For Professional Baristas:
Written, as the title indicates, by a professional barista who was fed up with scientific index coffee books and glorified roasting encyclopedias, Scott Rao set out to write a book about making stellar coffee in a café setting. Short but packed to the brim with industry jargon and methods only employed by the pros, every aspiring barista should pick up this manifesto, which charts Rao’s note on cupping, roasting, and the most important factors that contribute to flavor development. Not recommended for beginners.
Created (obviously) by the Blue Bottle Coffee roasters out of Oakland, California, this book is the holy grail for novice coffee drinkers who want to expand not only their knowledge, but also their barista skills. Complete with history, tutorials, and recipes, the do-it-all guide is all about coffee as it exists today as an artisan product. Blue Bottle Founder James Freeman writes with passion and approachability, explaining step-by-step how to make pour-overs, French press, nel drop, siphon, Turkish, and espresso coffees.
A Collection of Crazy Coffee Recipes:
We love coffee because we love drinking coffee. Susan Zimmer loves coffee, too, which is why she compiled more than 100 coffee-based drink recipes for us to experiment with — most of which are wild, sweet, and fun. Espresso martini? Check. Cognac Mochachino? Check. Irish Coffee? Yup. Iced Café Cola Libre? Why not? Zimmer teaches us that everyone should know how to make espresso whipped cream. In addition, she adds a whole section on seasonal and holiday coffee drinks to the mix (for you pumpkin spice people).
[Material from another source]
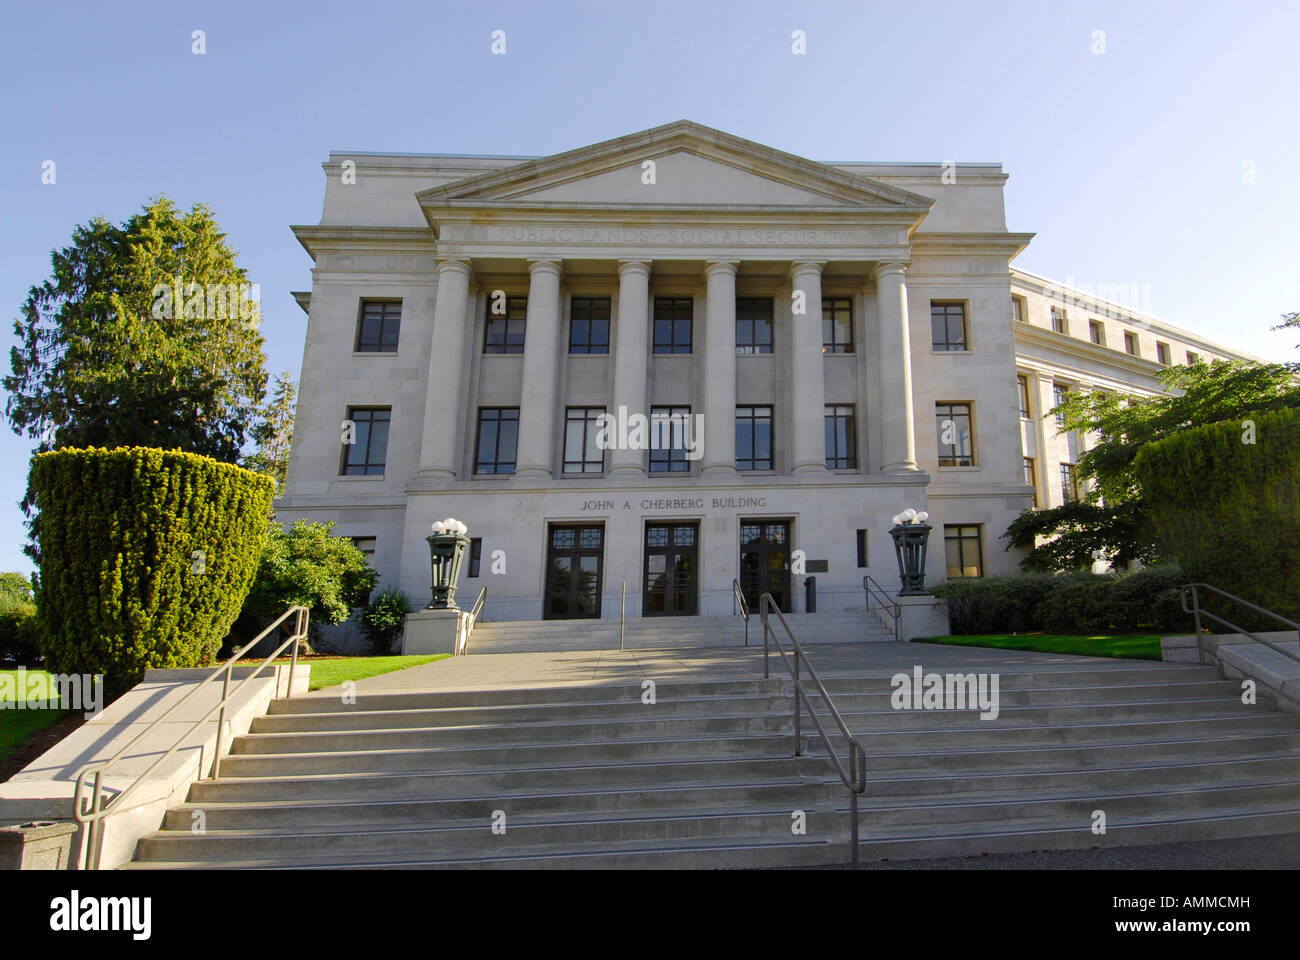 Giovanni edificio Cherberg Olympia Washington WA US Stati Uniti legislatura diritto legislativo governo legale capitol motivi Foto Stock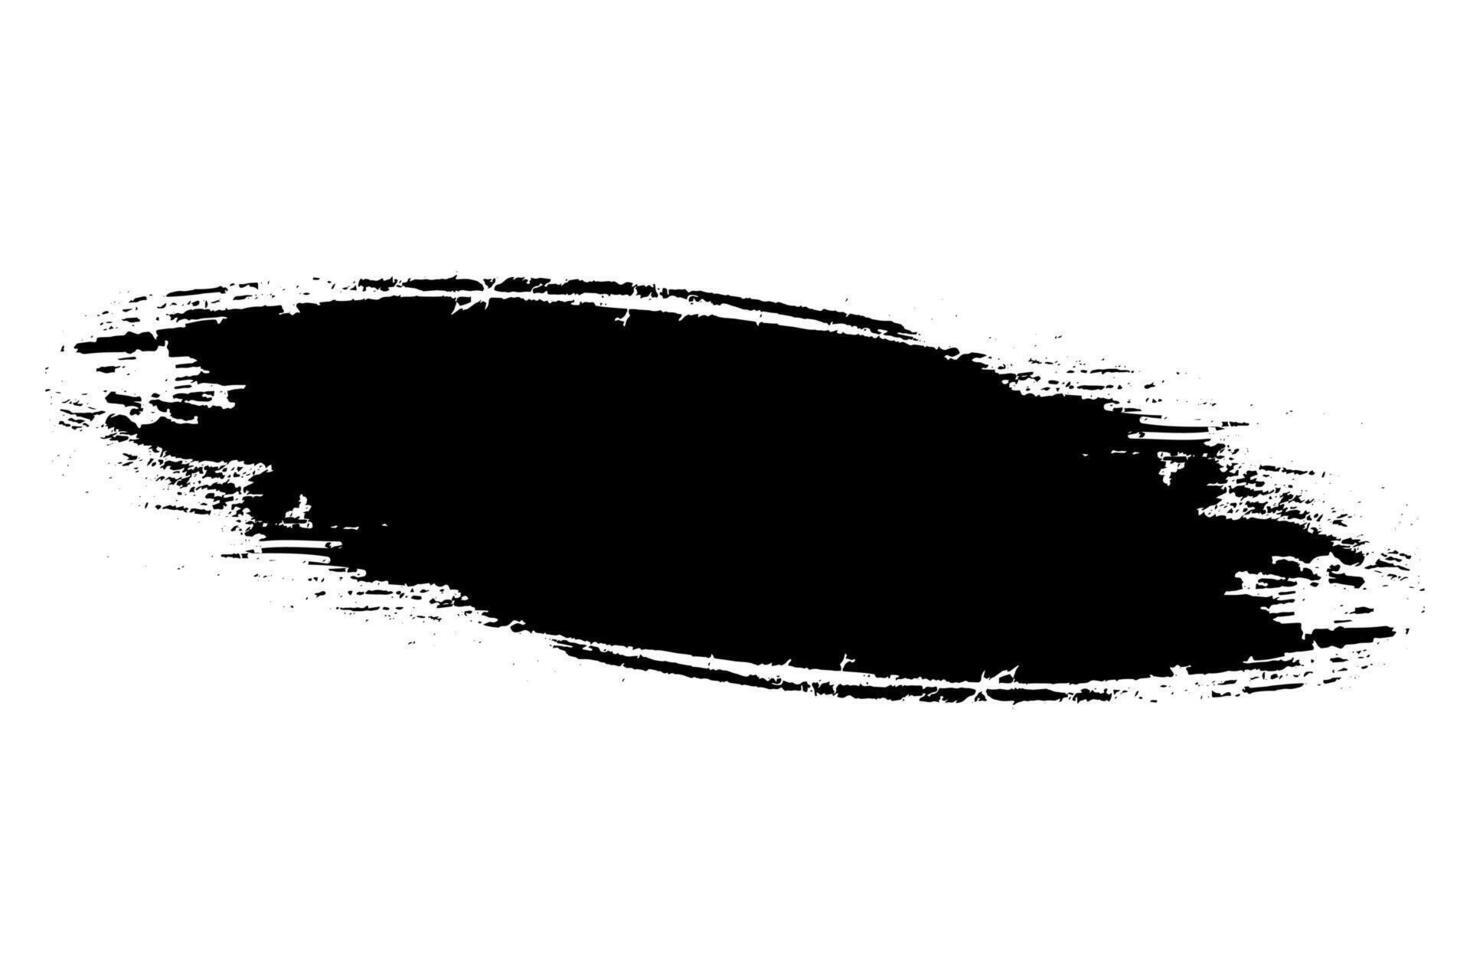 schwarz Tinte Spritzer, ein spritzt Jahrgang Textur schwarz und Weiß einstellen von Flecken, Spritzer, Bürste Schlaganfälle Spritzen, einstellen von Aquarell Bürste Schlaganfälle, schwarz und Weiß Farbe Schlaganfall Bürste auf Weiß vektor

A Saga for Anthropologists:
Less recipes, more anthropology, The Devil’s Cup is driven by the question: Is coffee the substance that drives history? Author Stewart Lee Allen treks around the world, retracing history, finding iconic cafes, and visiting hidden villages that shaped the evolution of joe. He reminds us that the hot bean water served at roadside diners is a descendant of the coffee of French Revolution-era Parisian salons. The book is an epic saga about our favorite character, coffee, and acknowledges how tea drinkers are in denial.
For Coffee Entrepreneurs:
If you already like Starbucks you’re really going to love them after reading how the President and Chairman Howard Shultz made the (at the time bizarre) decision to return as CEO after stepping down for eight years, only to reinvent the coffee chain and inspire its massive comeback during the 2008 recession. Culturally, financially, and with global responsibility, this is the story of how Shultz shaped Starbucks. A No. 1 New York Times Best-seller, it’s about much more than coffee, encompassing as it does success in business.